8. Brève de méthodologie :
Archéologie théâtrale en Bretagne. Tentative de reconstitution en 3D du « Vieux Théâtre » de Morlaix.

Rafaël Magrou

©2024 Rafaël Magrou, CC BY-NC 4.0 https://doi.org/10.11647/OBP.0400.08

Résumé

À Morlaix, en Bretagne, un théâtre abandonné a suscité l’intérêt d’un groupe d’étudiantes de l’École nationale supérieure d’architecture Paris-Malaquais. Durant une semaine, elles ont visité, étudié, relevé, modélisé et ainsi contribué à rendre compréhensible ces vestiges du XVIIIe siècle, profondément transformés à la fin du XXe siècle. Invisible depuis la rue, son état de délabrement permet de saisir l’essentiel de la composition de la salle, tandis que la partie scénique a totalement disparu. À partir de documents d’archives, d’une enquête sur place et de relevés de détails, les étudiantes ont échafaudé des hypothèses de reconstitution à différents moments de ce témoin scénique régional. À l’aide d’outils numériques, elles ont pu, dans un temps restreint, reconstituer en partie cet ouvrage avant que cette construction ne disparaisse totalement (workshop intensif 27 septembre-1 octobre 2021). À l’issue d’une semaine de recoupements et de recollements, elles ont présenté à des élus locaux, à des riverains comme à l’Architecte des Bâtiments de France le résultat certes partiel mais révélateur de l’intérêt de cet ouvrage oublié.

Abstract

In Morlaix, French Brittany, an abandoned theatre caught the attention of a group of students from the École nationale supérieure d’architecture Paris-Malaquais. Over the course of a week, they visited, studied, surveyed and modelled this eighteenth-century building, which was radically transformed by the end of the twentieth century. Invisible from the street, the dilapidated state of the building allows one to grasp the essence of the room’s composition, while the stage area has completely disappeared. Based on archival documents, an on-site investigation and detailed surveys, the students came up with hypotheses for reconstructing this regional landmark at different points in time. Using digital tools, they were able to redesign part of the structure in a very short space of time (intensive workshop 27 September-1 October 2021), before it disappeared altogether. After a week of cross-checking and piecing together the data, the students presented the fruits of their labour to local councillors, residents and the Architecte des Bâtiments de France (a government official), their admittedly partial results revealing the interest of this forgotten structure.
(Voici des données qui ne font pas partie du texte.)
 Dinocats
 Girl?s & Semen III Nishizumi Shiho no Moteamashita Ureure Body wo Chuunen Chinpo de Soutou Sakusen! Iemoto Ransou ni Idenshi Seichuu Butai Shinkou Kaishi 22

En France les témoins d’architectures dédiées au théâtre du XVIIIe siècle sont rares. Certains ont fait l’objet de restauration, d’autres ont été éradiqués afin de faire place à d’autres opérations parfois vouées au spectacle vivant suivant des aménagements adaptés aux besoins contemporains, ou plus fréquemment pour laisser place à d’autres projets immobiliers (le théâtre de l’Ambigu-Comique à Paris par exemple, démoli en 1966 pour y ériger un immeuble de bureaux). Consacré à la disparition d’édifices remarquables, l’ouvrage de Louis Réau (Histoire du vandalisme, Paris, Robert Laffont, rééd. 1994) rappelle la présence de ces bâtiments, remémorant des lieux disparus tombés dans les oubliettes de l’histoire. Les historiens n’ont de cesse d’exhumer ces exemples afin d’étayer et de consolider le fil narratif des typologies et des usages de ces siècles passés. Ces objets construits caractérisés sont, comme c’est le cas ici, des objets d’analyse intéressants pour une étude de cas pédagogique, afin de sensibiliser de futurs architectes à l’histoire des lieux de spectacle comme à la nature patrimoniale, la « sauvegardabilité » de l’objet analysé et reconstitué.
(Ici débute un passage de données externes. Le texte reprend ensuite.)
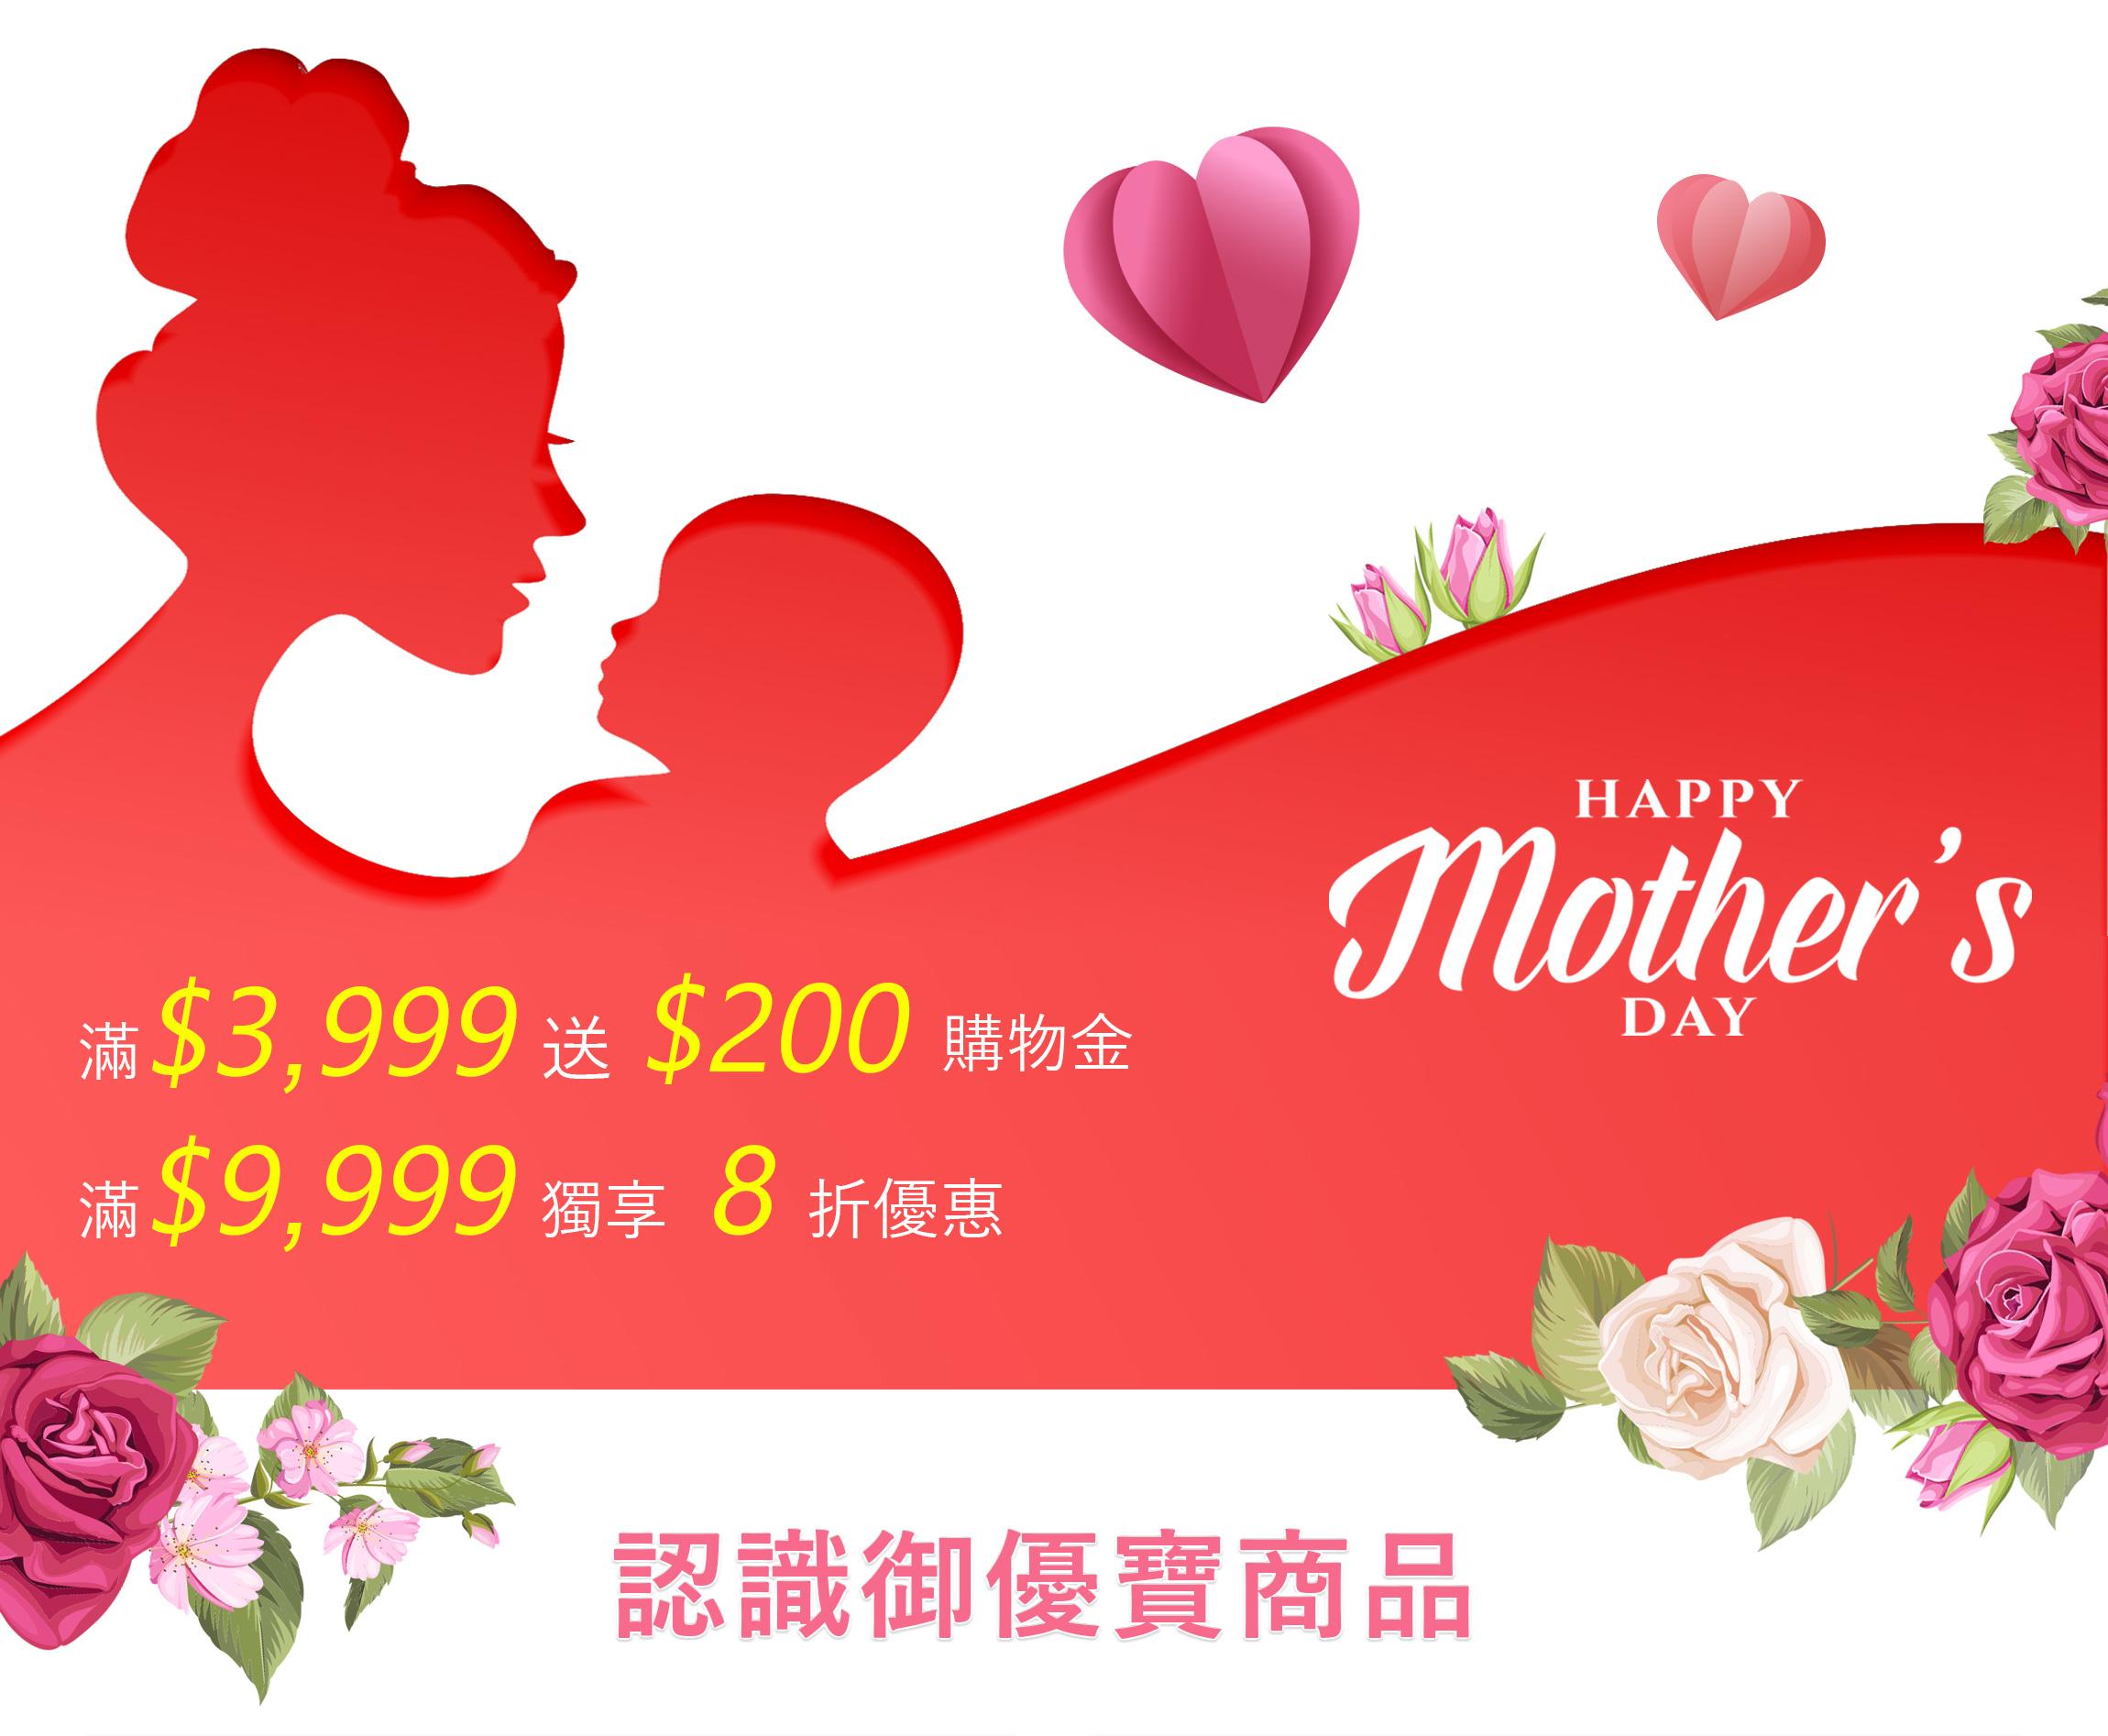 御優寶母親節活動-滿$3999送$200購物金。滿$9999獨享8折優惠

Cette brève de méthodologie vise à mettre en lumière un lieu scénique caché, qui n’avait jusqu’à présent fait l’objet d’aucune exploration et qui était donc idéal pour l’expérimentation décrite dans les paragraphes qui suivent : il s’agit du « Vieux Théâtre » de Morlaix, transformé en laboratoire de recherche pédagogique en architecture. Sa date de construction est estimée à 1783, et le théâtre a définitivement fermé ses portes en 1888. Positionné en retrait de la rue, son dispositif d’entrée a été remplacé par des immeubles d’habitation. Son corps principal a été tronqué, la partie scénique a disparu pour accueillir un lieu de confection de pain, lui aussi délaissé. La partie salle a été exploitée plus tard par un imprimeur qui a refermé le U des balcons.
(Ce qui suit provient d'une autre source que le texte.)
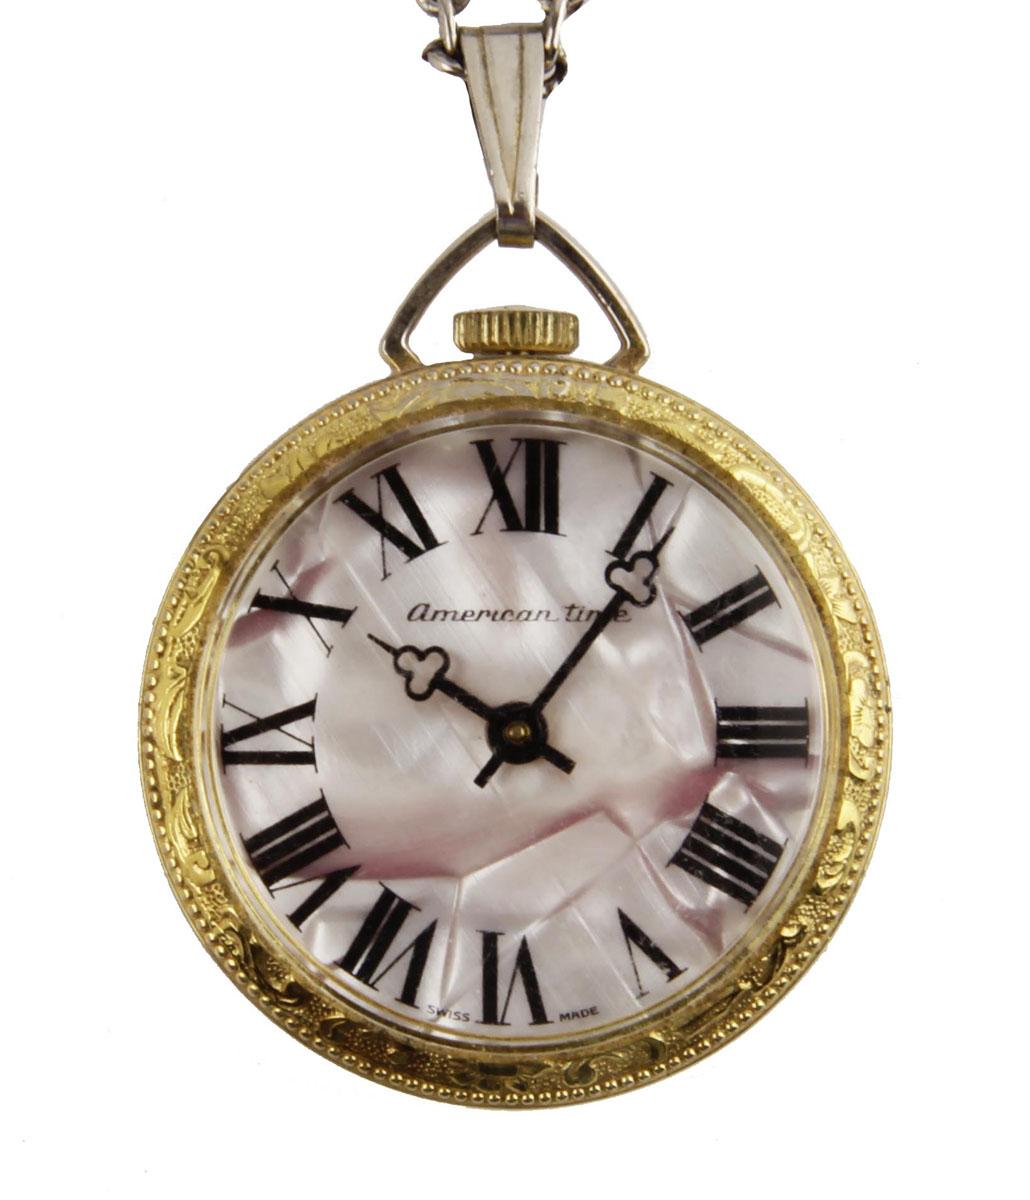 Изящные дамские часы на цепочке. Металл, стекло, кварцевый часовой механизм. Конец XX векаОС28659Изящные дамские часы на цепочке. Металл, стекло, кварцевый часовой механизм. Конец XX века. Диаметр 3,5 см, длина цепочки 60 см. Сохранность хорошая. Часы в рабочем состоянии. Оригинальные дамские часы на цепочке выполнены в классическом стиле. Задняя крышка богато украшена гравированным растительным орнаментом. Стильный акцент винтажного образа и оригинальная идея для подарка!

Au printemps 2021, nous avions découvert l’existence de ce lieu via les réseaux sociaux. En contactant le propriétaire – monsieur Gilles Baillet – qui a, in extremis, sauvé ce lieu abandonné de la démolition et de la spéculation immobilière dix ans auparavant, nous avons imaginé un workshop intensif sur place avec un groupe d’étudiants volontaires de l’École nationale supérieure d’architecture Paris-Malaquais. À quelques enjambées du Théâtre du Pays de Morlaix inauguré en 1888 et restauré au début des années 2000, ce vestige jusqu’ici dénigré méritait selon nous une étude. D’une durée d’une semaine, cette incursion in situ avait pour objectif de tenter la reconstitution de son état originel. Dans un temps très court, à partir du relevé de l’existant, le groupe a recoupé les sources, en considérant d’une part les documents versés aux archives municipales (coupures de presse, gravures d’époque, programmes, etc. mais aucun document graphique sur la salle), et d’autre part en appréhendant cet objet spécifique par sa confrontation à des modèles architecturaux contemporains. Grâce aux échanges avec une guide-historienne locale – Corinne Le Noan, auteure d’un livre sur Le nouveau Théâtre de Morlaix 1873-1888 (Le Noan, 2021) –, aux témoignages recueillis et à la lecture des pièces qui y ont été jouées (entre autres, Le Mystère de Sainte-Tryphine), le groupe a tenté de recomposer une version probable, en proposant des scénarios hypothétiques sur son état originel.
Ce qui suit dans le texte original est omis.